I slurped this data out of the Master-Index.xml file, which is always available at http://ifarchive.org/indexes/Master-Index.xml.

(A handful of files show a timestamp before 1992. These are mostly IFComp entries which were submitted with bad timestamps. E.g. http://ifarchive.org/if-archive/games/competition96/jacl/eldor.ps cannot actually be dated 1979!)

4 Likes

Interesting, thanks for the info and the charts!

I was curious what caused the spike in added files in 2015, and it seems that the explanation is that the IF Comp 2015 entry “Growbotics” comprises 971 files (images).

Just for fun, here’s a quick-and-dirty Python script (working with the Master-Index.xml), which gives the directories sorted by filecount in descending order:

import xml.etree.ElementTree as et

tree = et.parse('Master-Index.xml')
root = tree.getroot()

dirfilecounts = {}

for d in root.findall('directory'):
    dirname = d.find('name').text
    filecount = int(d.find('filecount').text)
    dirfilecounts[dirname] = filecount

print(sorted(dirfilecounts.items(), key = lambda item: item[1], reverse = True))

The top 10 results are:

  1. (‘if-archive/games/competition2015/GROWBOTICS’, 971)
  2. (‘if-archive/games/zcode’, 730)
  3. (‘if-archive/solutions’, 463)
  4. (‘if-archive/games/twine’, 460)
  5. (‘if-archive/games/competition2014/Milk Party Palace/MilkPalace_Finished_v132_Data’, 430)
  6. (‘if-archive/games/pc’, 419)
  7. (‘if-archive/games/appleII/eamon/guild/dsk/dos33’, 264)
  8. (‘if-archive/games/tads’, 253)
  9. (‘if-archive/rec.arts.int-fiction’, 249)
  10. (‘if-archive/games/appleII/eamon/guild/original/dos33’, 248)
    tied with
    (‘if-archive/games/glulx’, 248)

(This does not take into regard directories where a lot of files might be spread out over a lot of subdirectories with only a few files in each subdir, but as I said, it’s just for fun and quick-and-dirty.)
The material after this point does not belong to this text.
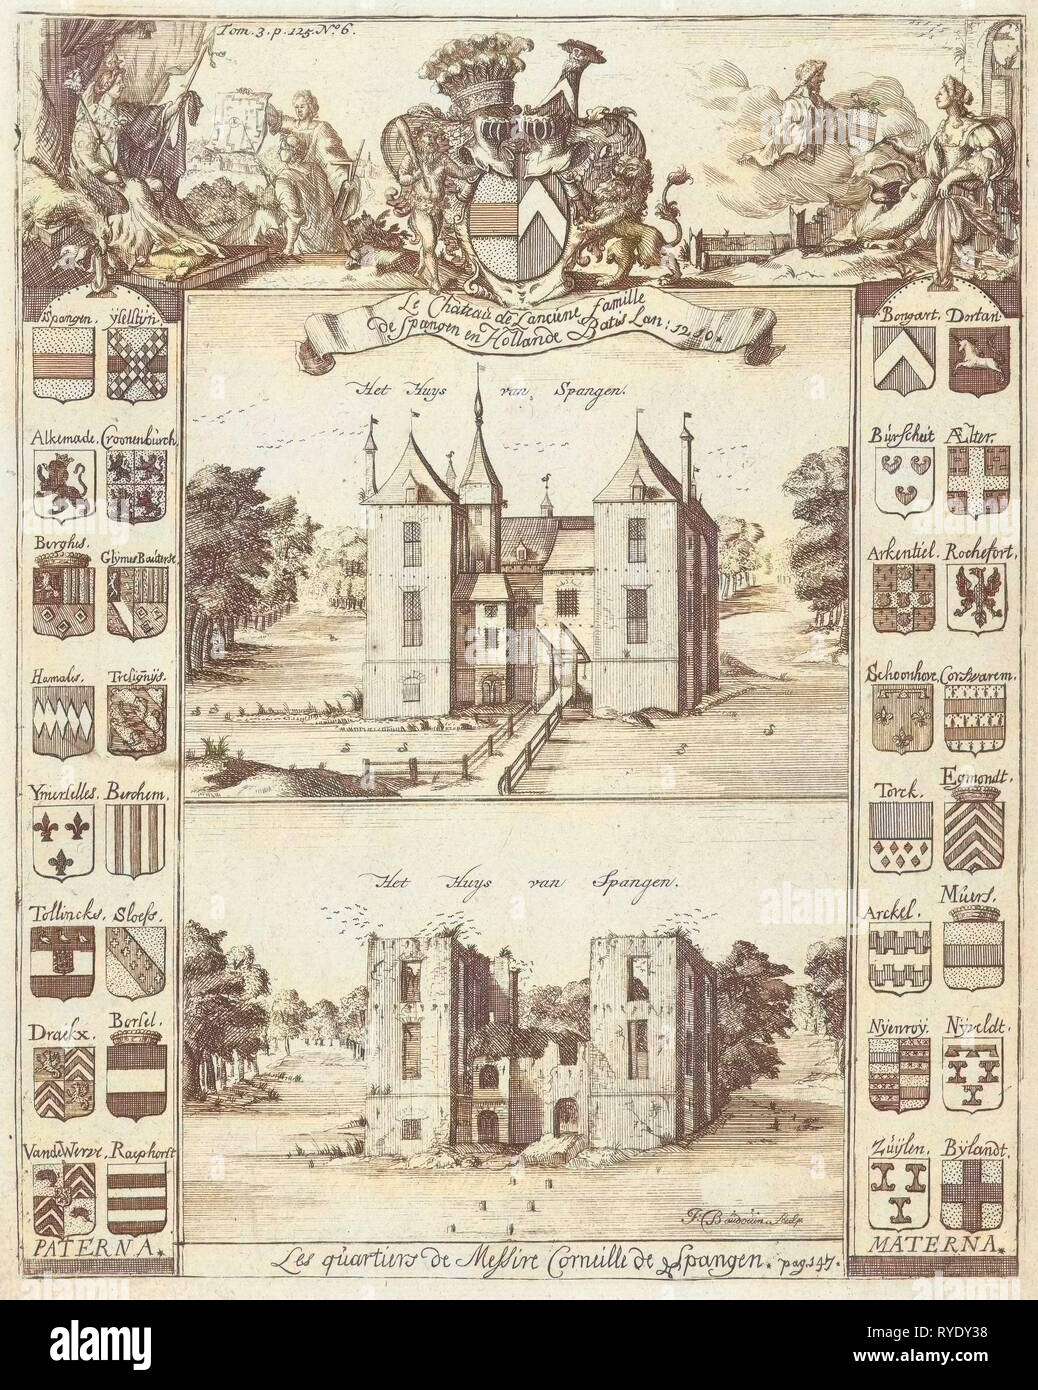 Casa di Spangen, Paesi Bassi, I. Baudouin, 1600 - 1650 Foto Stock

If we had archived URA Winner in its original state, it would have more than doubled the number of files overnight. So we didn’t.

(There are scripts that iterate through all the files, generating Master-Index.xml and so on. We’re not going to declare a hard limit, but it’s worth keeping an eye on the file list and avoiding unnecessary bloat.)

1 Like